GIVEN MATERIAL.
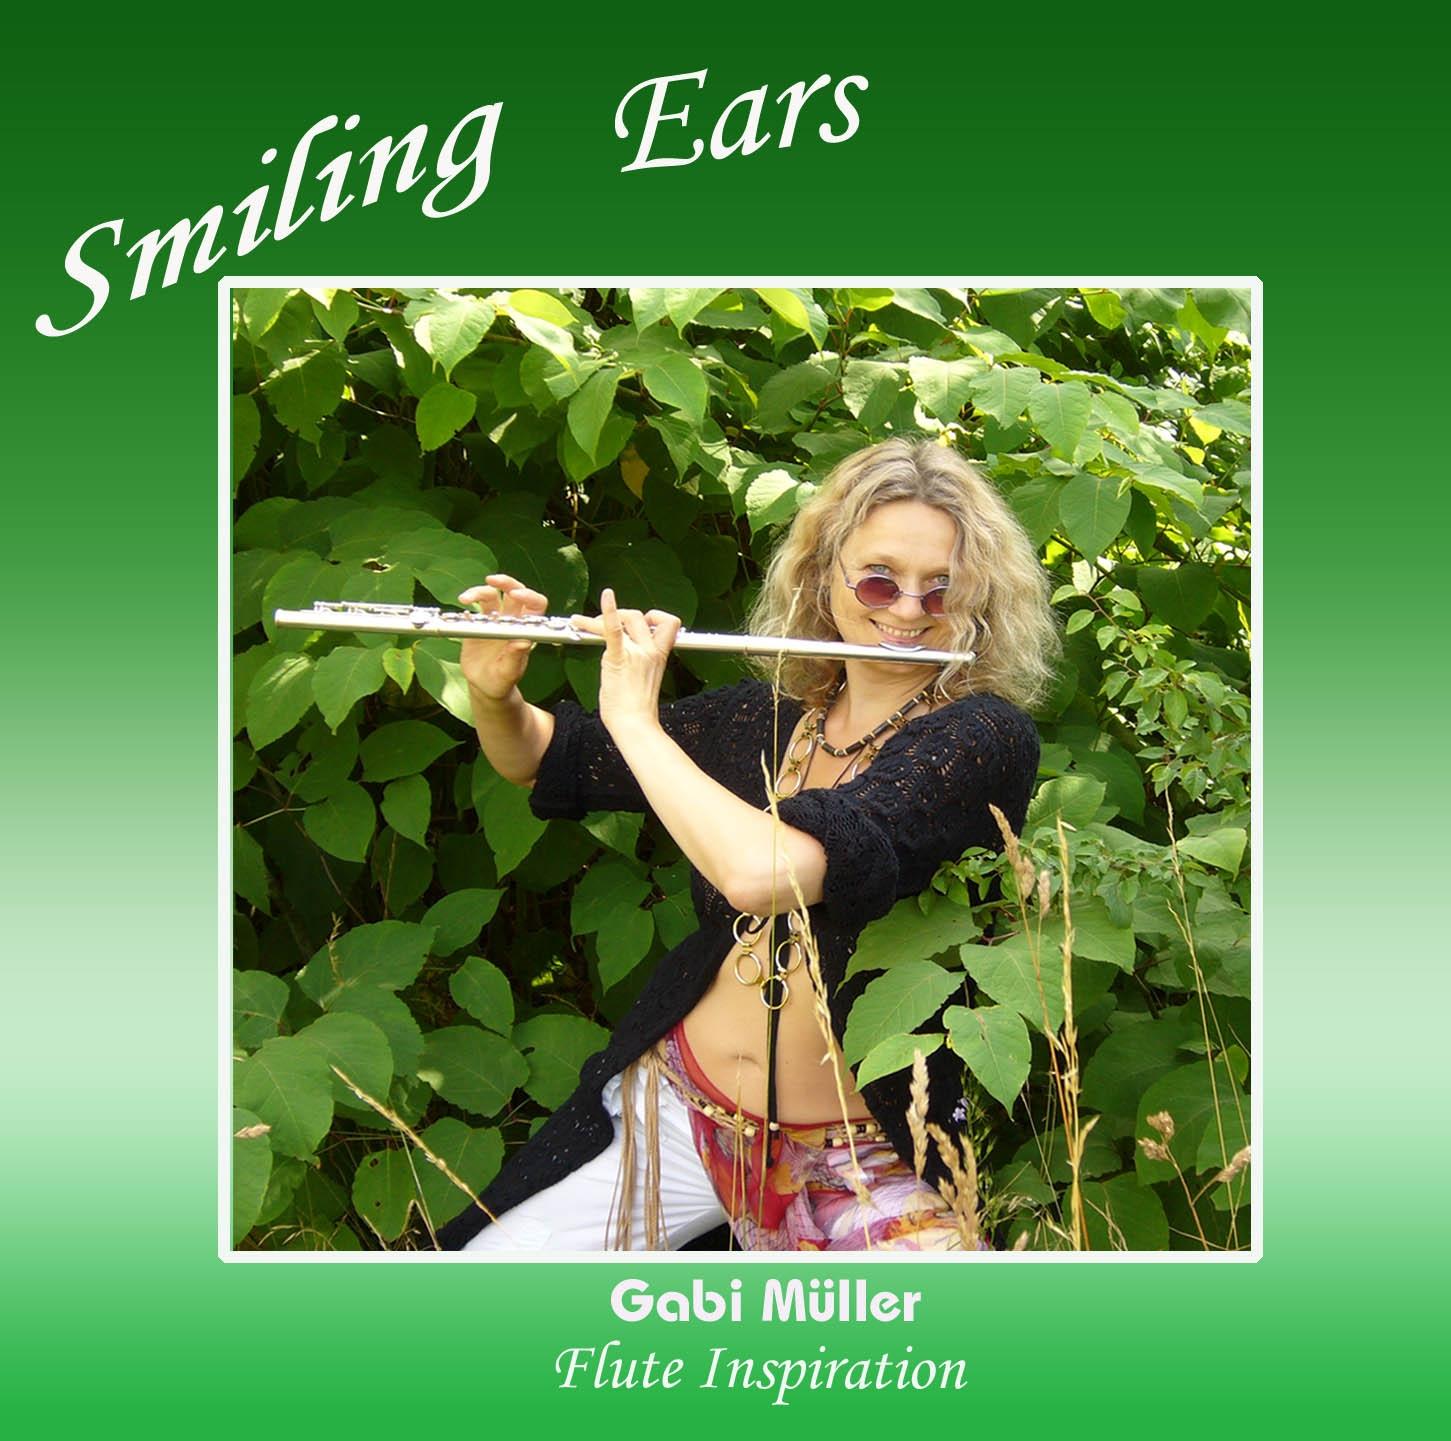 cd smiling ears pflanzen versand f r die besten winterharten balkonpflanzen k belpflanzen. Black Bedroom Furniture Sets. Home Design Ideas
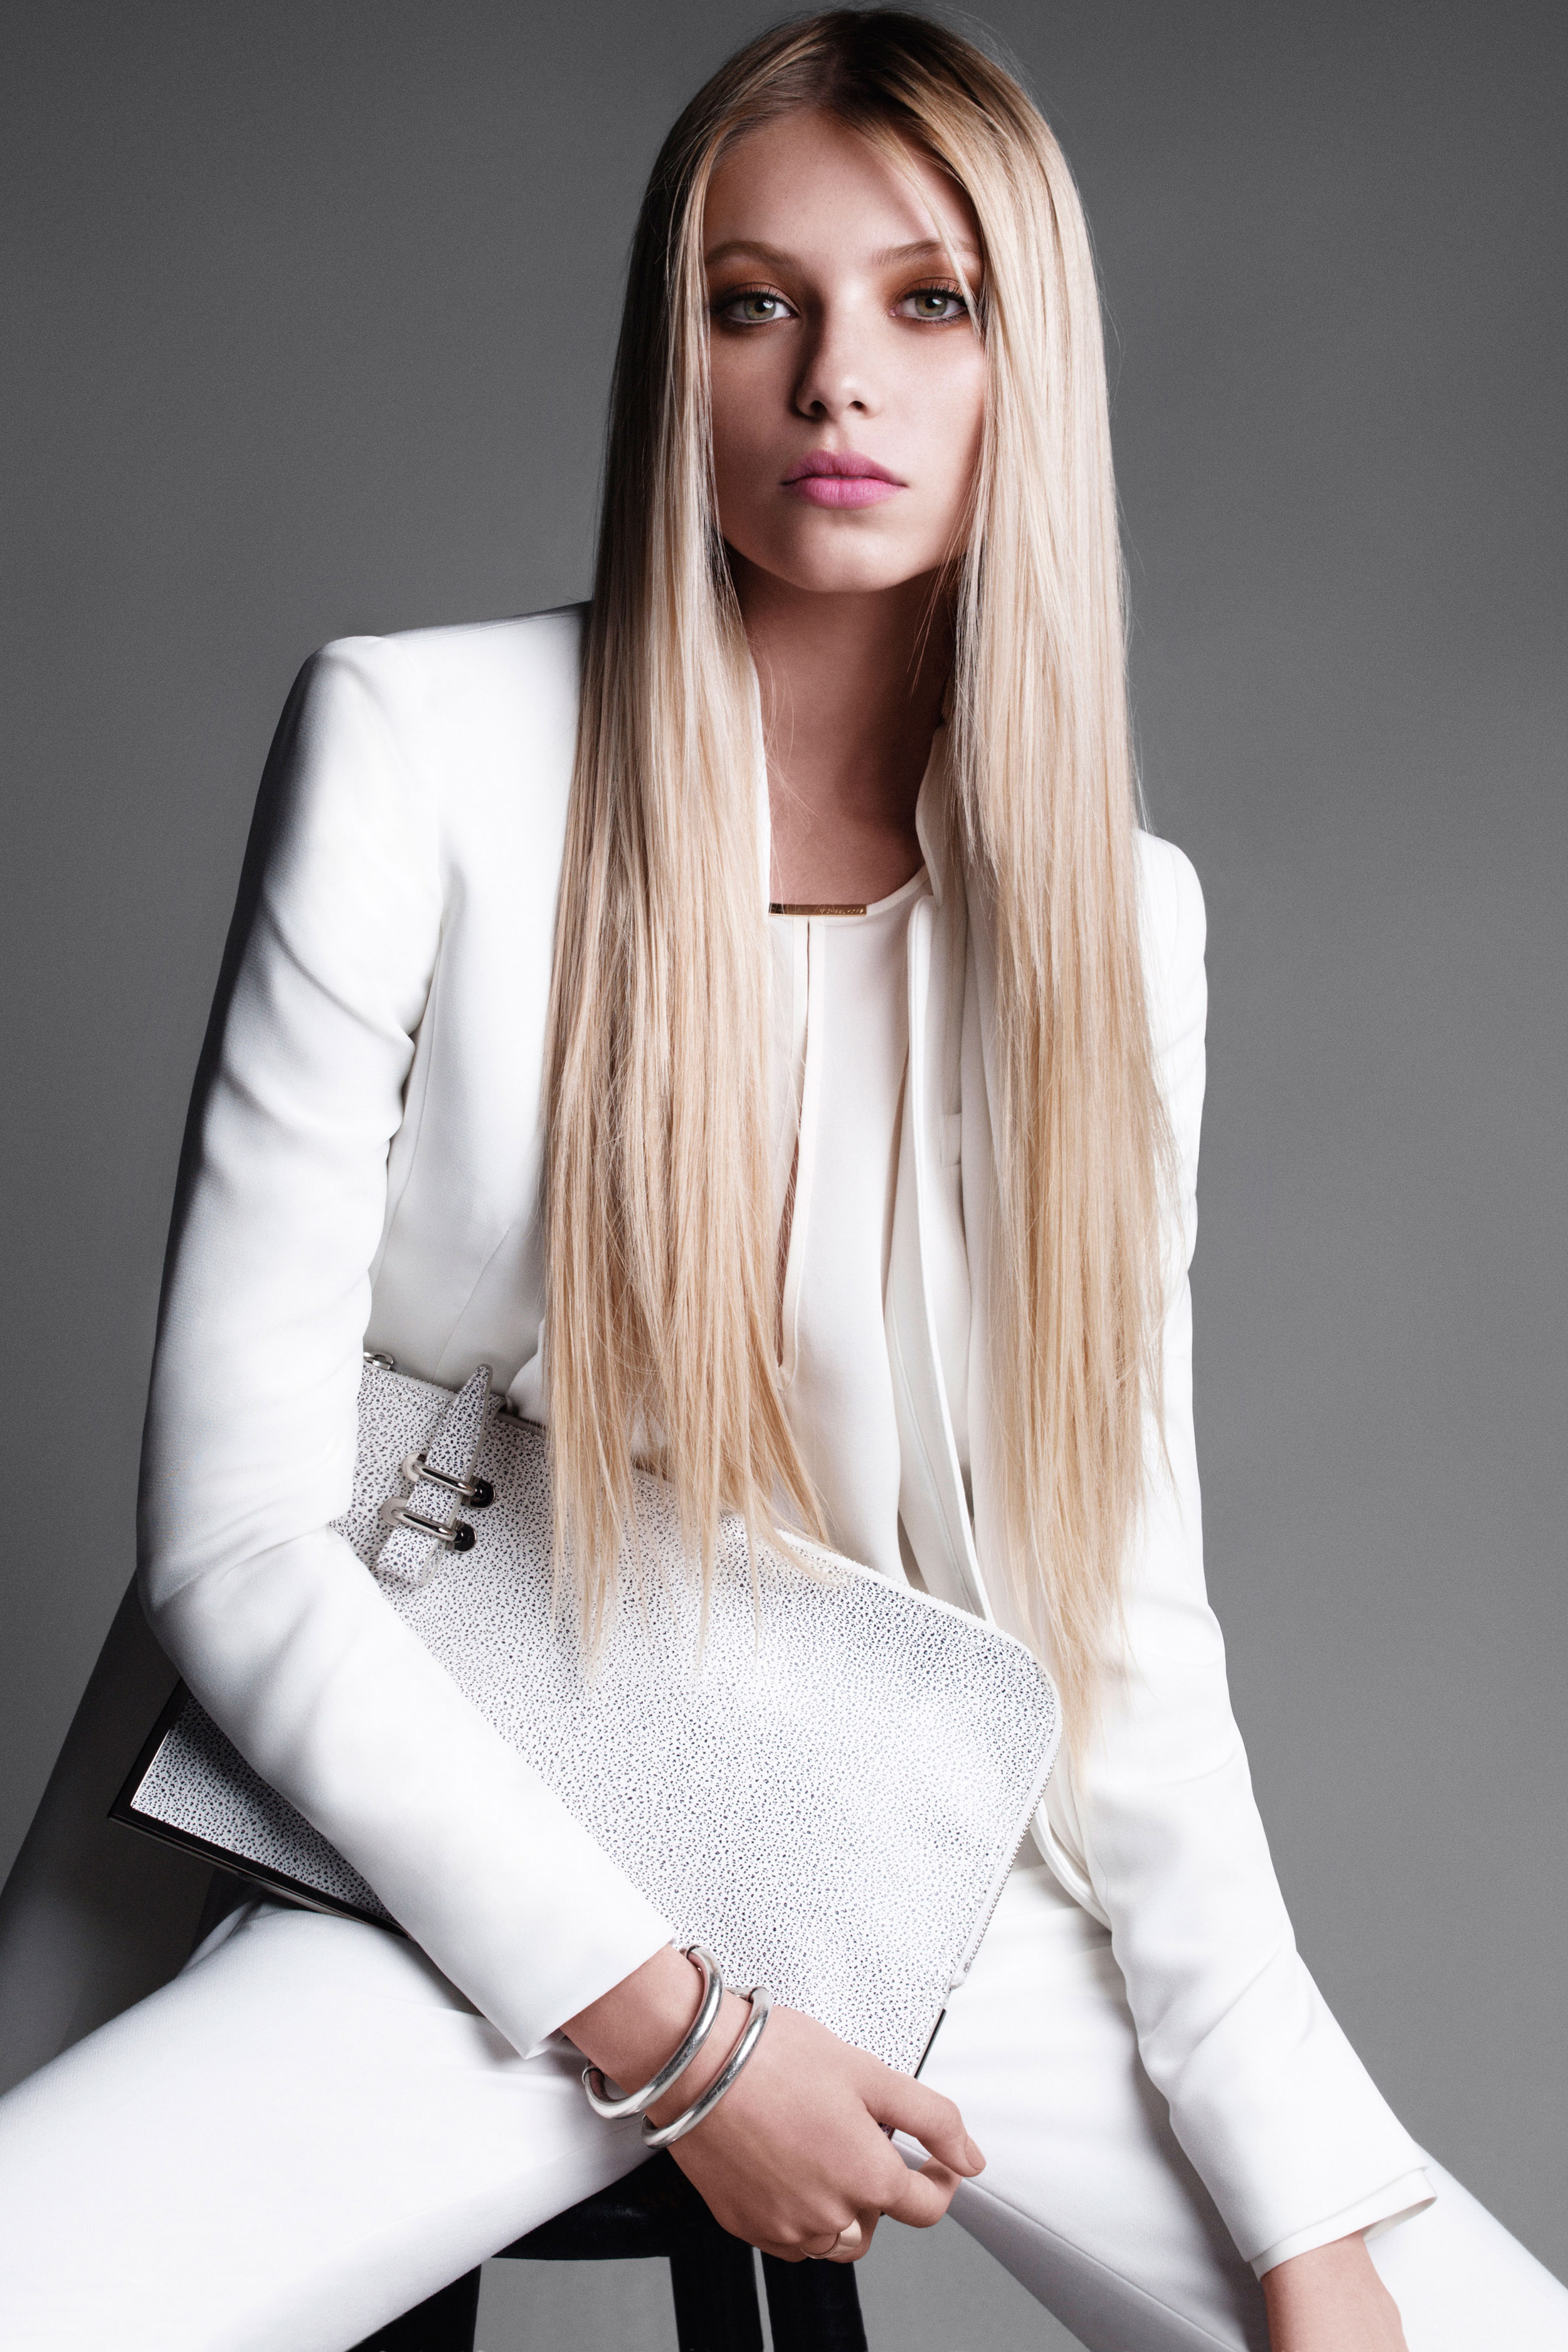 Hair_Model_2_715929741
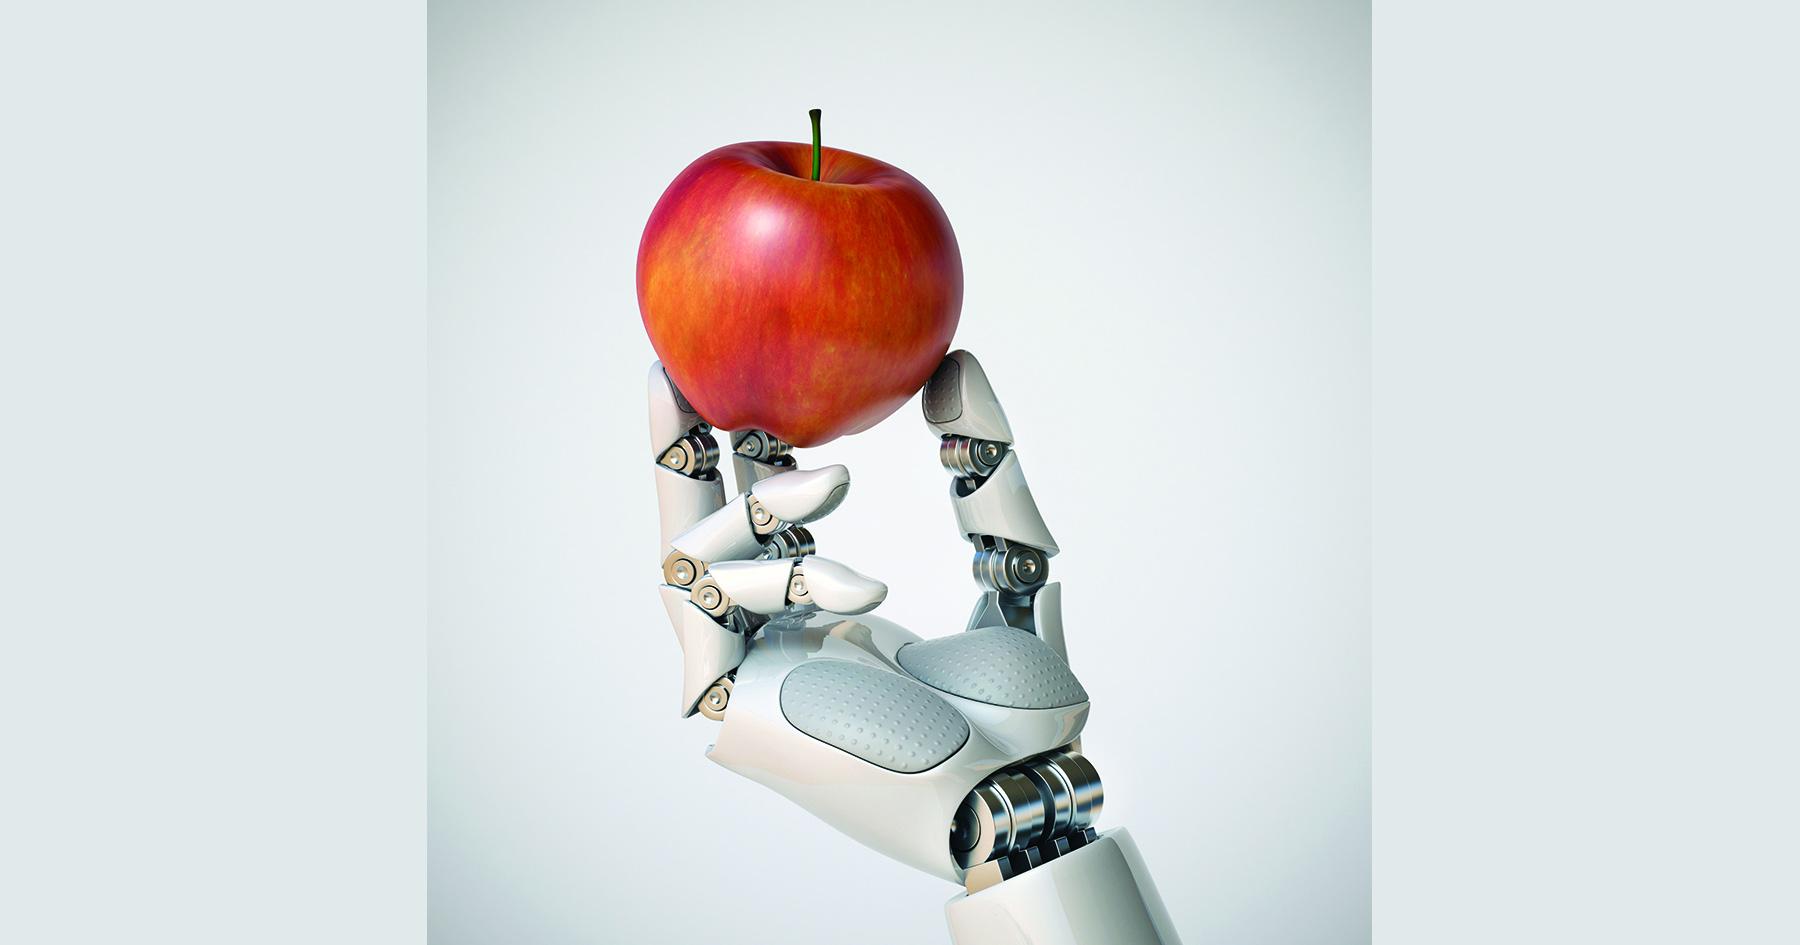 robot apple

ASSIGNMENT. Would you write out all of the data exactly as it stands, without the pictures?

RESPONSE TO THE TASK.
 cd smiling ears pflanzen versand f r die besten winterharten balkonpflanzen k belpflanzen. Black Bedroom Furniture Sets. Home Design Ideas
 Hair_Model_2_715929741
 robot apple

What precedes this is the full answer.